Ms Haeck: I actually have three and they are linked together. Does your group liaise with other rural environmental groups such as may be located in the town of Lincoln or the township of West Lincoln, which are primarily rural? Is your group aware of the concerns of the citizens of the region of Niagara regarding the handling, treatment and storage of the toxic waste produced by the entire province? Are you aware that other rural environmental groups that have made presentations to this committee appreciate the fact that the current environmental assessment process as outlined in this bill has been scoped?
Mr Armstrong: Has been what?
Ms Haeck: Scoped. Limitations --
Mr Armstrong: Oh, limited.
The Vice-Chair: You will receive these questions in writing from the clerk.
Mr Armstrong: Thank you. I am writing them down as best I can.

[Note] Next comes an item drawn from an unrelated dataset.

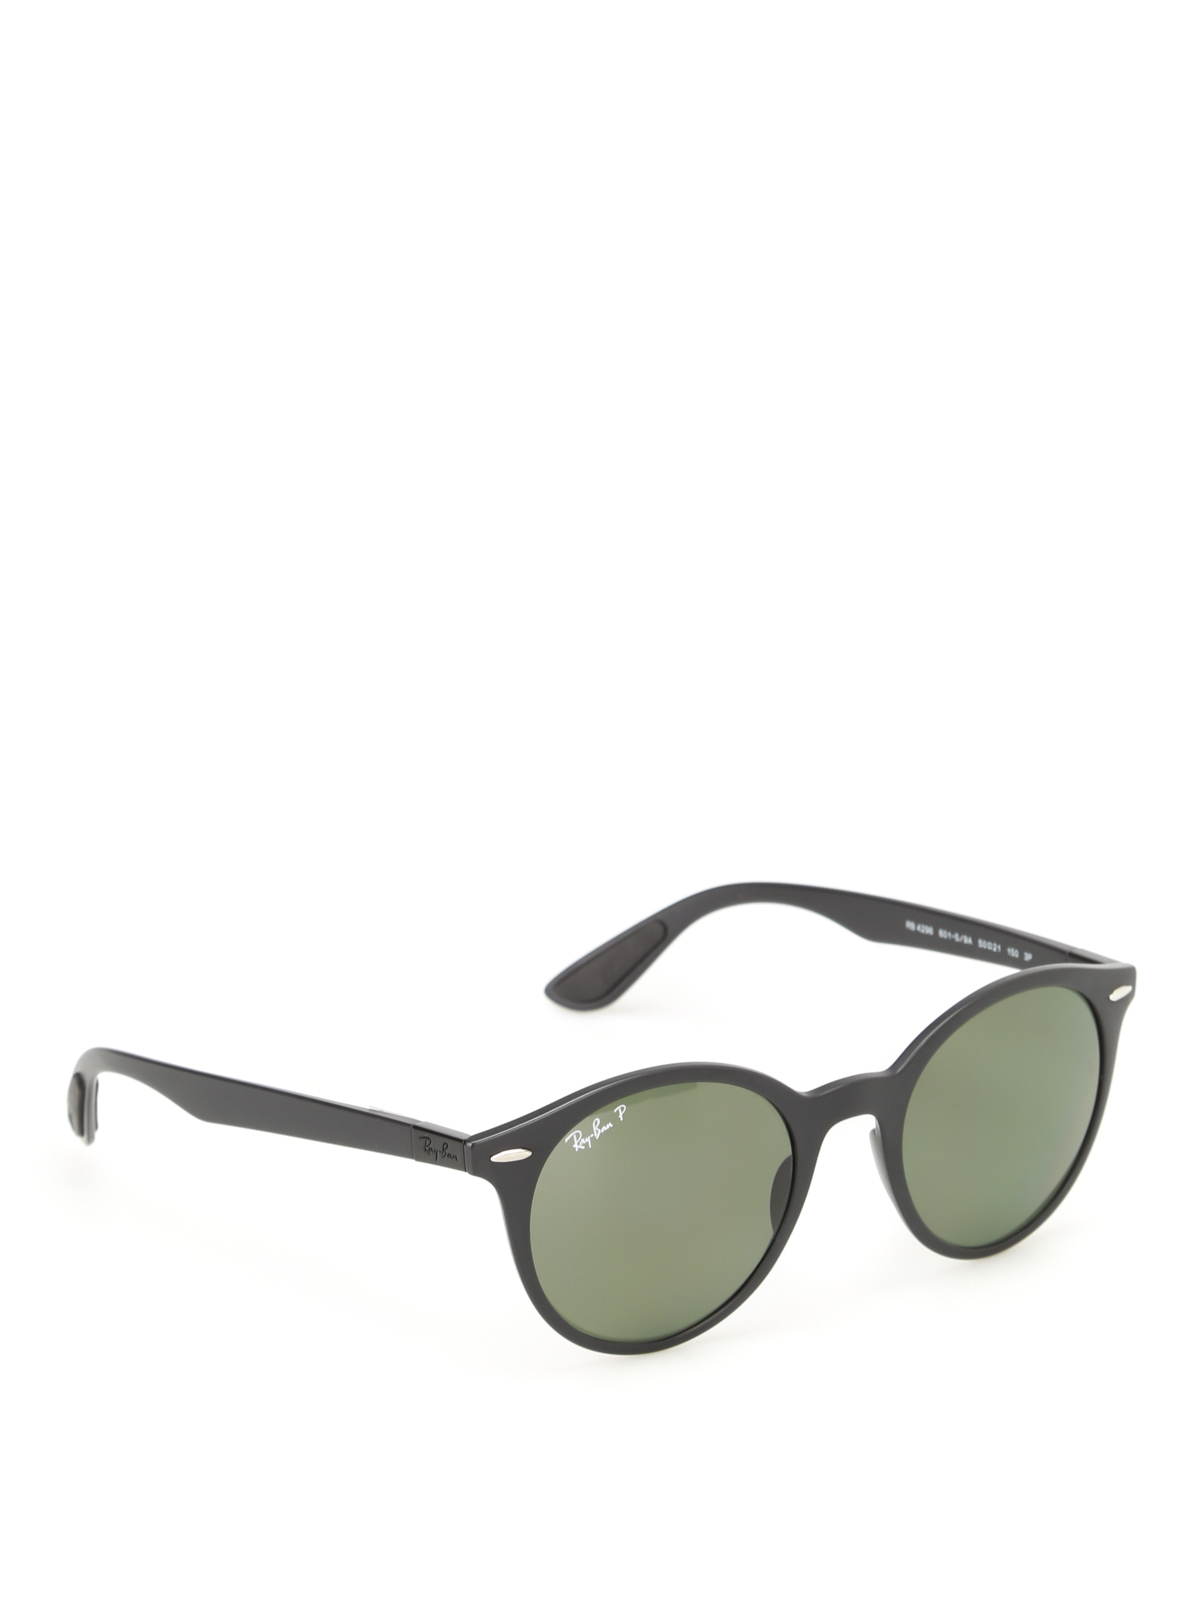 Sunglasses Ray Ban - LiteForce Polarized sunglasses - RB4296601S9A

Mr McClelland: For the record, it would be interesting to know if the parliamentary assistant is going to answer, on behalf of the government, any of the questions that were put forward. It seems to me we have a very idiosyncratic view of whether it is appropriate to answer or not. I want to know when those questions are going to be answered, specifically the ones on page 6. People here have tried to get answers from either the Interim Waste Authority --
The Vice-Chair: Questions only, please.
Mr McClelland: The questions are those contained on page 6, and putting them directly to the parliamentary assistant --
Mr Wiseman: I think he is going on a little long, Mr Chair.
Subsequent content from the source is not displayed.